Genesis states that Enoch "walked with God; and he [was] not; for God took him."

^{2}On this chart Noah is listed as having lived 502 years when he begat Shem and this calculation is based on the birth year of Arphaxad. The extra-biblical Book of Jasher also mentions that Noah was 502 years old when his wife Naamah bore Shem.

===Number symbolism===
The following table lists all the ages of the patriarchs from Adam to Moses in the Masoretic Text, which add up to 12,600.

| Patriarchs | Age | Patriarchs | Age |
|---|---|---|---|
| 1. Adam | 930 | 14. Eber | 464 |
| 2. Seth | 912 | 15. Peleg | 239 |
| 3. Enosh | 905 | 16. Reu | 239 |
| 4. Kenon | 910 | 17. Serug | 230 |
| 5. Mehalalel | 895 | 18. Nahor | 148 |
| 6. Jared | 962 | 19. Terah | 205 |
| 7. Enoch | 365 | 20. Abraham | 175 |
| 8. Methuselah | 969 | 21. Isaac | 180 |
| 9. Lamech | 777 | 22. Jacob | 147 |
| 10. Noah | 950 | 23. Levi | 137 |
| 11. Shem | 600 | 24. Kohath | 133 |
| 12. Arpachshad | 438 | 25. Amram | 137 |
| 13. Shelah | 433 | 26. Moses | 120 |
| TOTAL |  |  | 12,600 |

The value of 12,600 is a variant of the symbolic value of 1,260 later used in the Book of Revelation (e.g. Rev. 11:2–11; 12:4–6, 11; 13:5), although may derive from earlier traditions. Another example of the numerical schema of 12,600 can be found in the War Scroll discovered at Qumran, where "the Sons of Light shall fight against the Sons of Darkness in the final days for a period of 35 years. Employing the Jewish luni-solar calendar of the 360-day year, 35 years equals 12,600 days."

=== Usage of Anno Mundi ===
The current formal usage of the Anno Mundi calendar era is implemented based on the calculations of Maimonides in Mishneh Torah (completed in AD 1178). It is the official method of calculating years for the Hebrew calendar currently in use. Based on a calculation using the Masoretic Text recorded in the Seder Olam Rabbah (c 160 AD) of Rabbi Jose ben Halafta, the first five days of creation in Genesis were in Anno Mundi 1, and the creation of Adam was on 1 Tishrei (Rosh Hashanah) in Anno Mundi 2 which corresponds to 3760 BC. The official Anno Mundi epoch is Anno Mundi 1. This first year begins almost a full year before creation and is commonly referred to as The Year Of Emptiness or The Ascension Year in Jewish tradition and coincides with the years 3761/3760 BC.

=== Counting years ===
Counting a number of years based on an annual fixed calendar date yields a different result from a rolling year count based on dates such as birthdays which have the possibility of being at any time of the year and change depending on the individual. Using this method has led some chronologists to add or subtract a 0.5 year margin to/from the birth year of each patriarch to account for unknown birth dates.

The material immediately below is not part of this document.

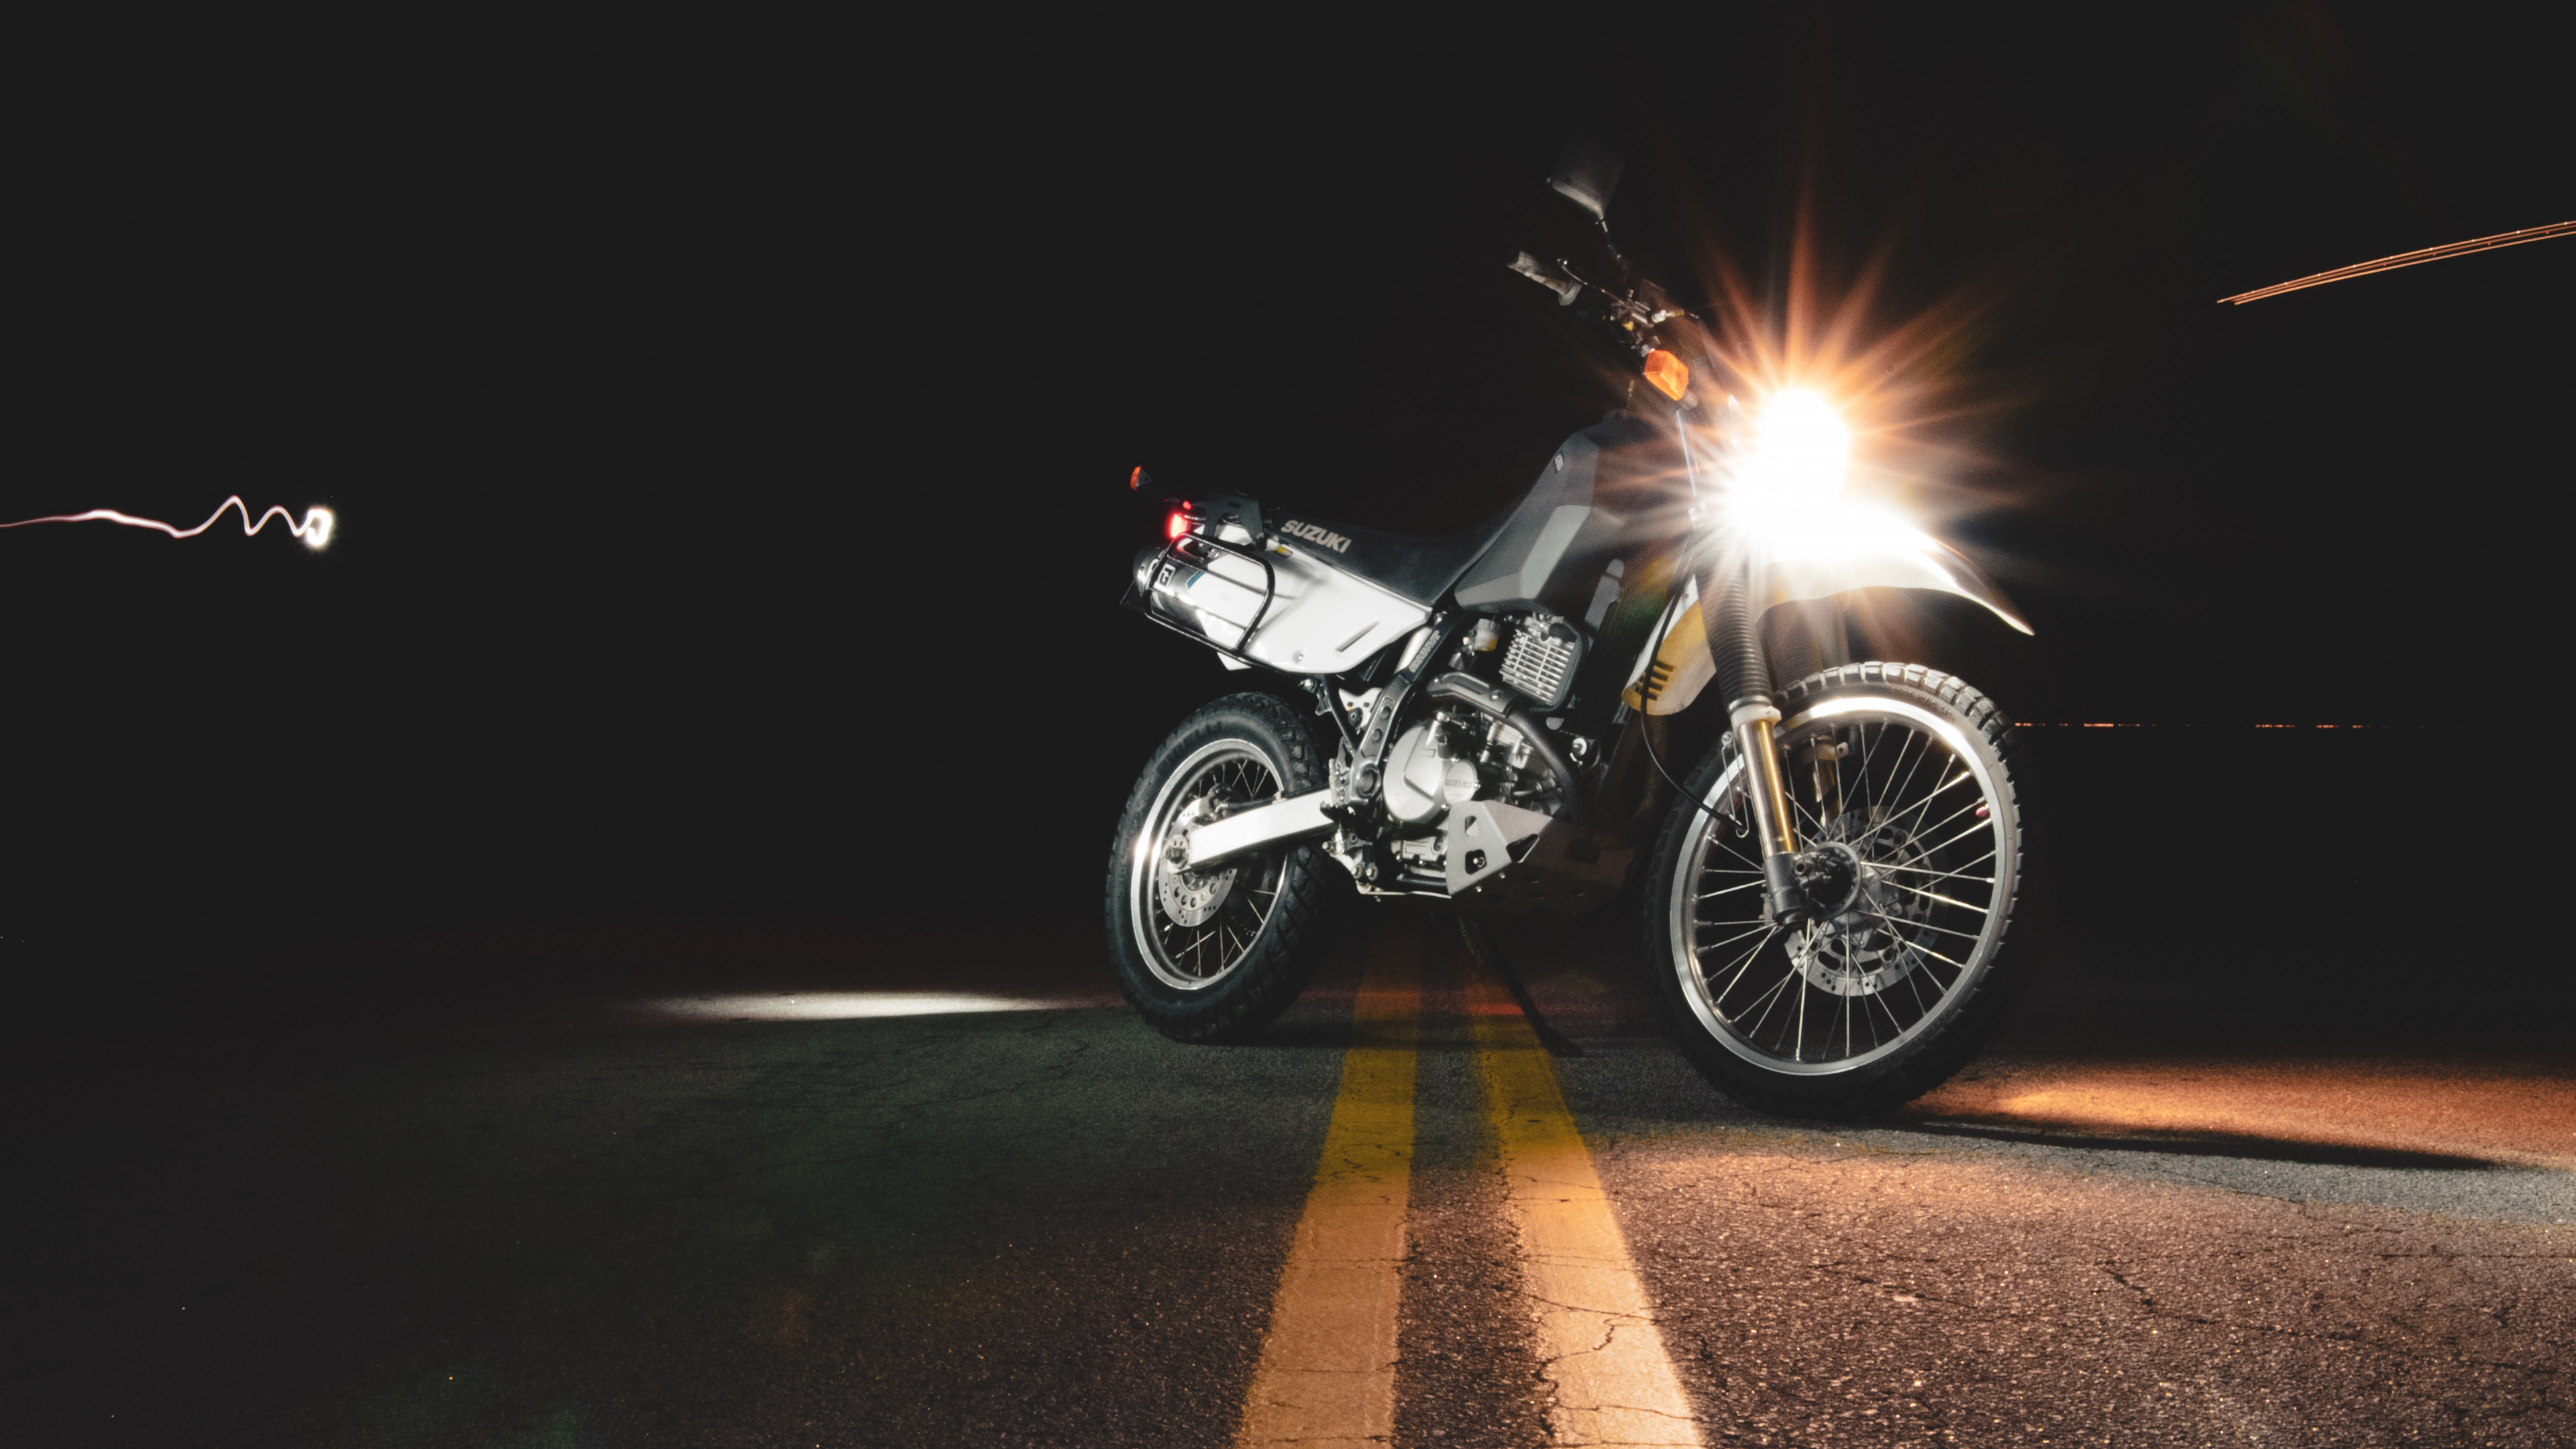 Moto Noir et Argent Sur Route Pendant la Nuit. Wallpaper in 3840x2160 Resolution
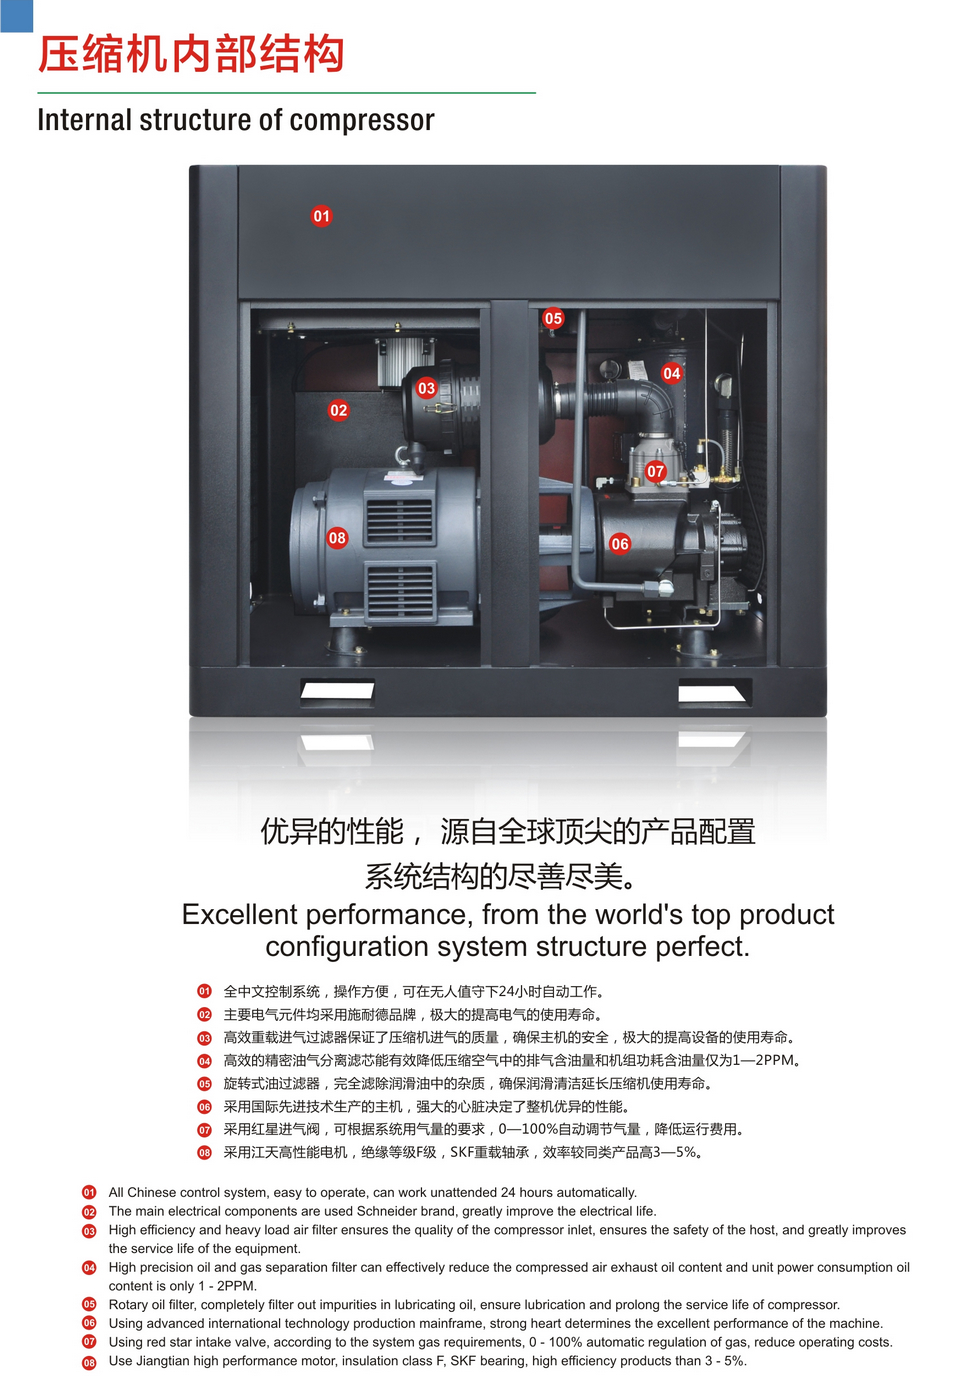 广东汉立精机压缩机内部结构图展示

The first mention in Genesis of the use of a fixed method to reckon years is made in Genesis 1 referring to the "lights in the firmament". A fixed calendar system is usually determined by an annual epoch such as New Year's Day (1 January) which is fixed by the alignment of astronomical objects; the reckoning of the year occurs on its epoch. Years represented in Anno Mundi dates could be interpreted to be in alignment with Rosh Hashanah and are counted according to its annual occurrence.

=== Birth years of Shem and Arphaxad ===
There are several different interpretations as to the exact birth year of Shem and his son Arphaxad. Based on Noah being at least 500 years old when he began to beget children and Noah's sons each having an age difference, it is not uncommon to encounter chronologies that list Shem as being 98 years old when the flood began. Shem begat Arphaxad two years after the flood when he was 100 years old.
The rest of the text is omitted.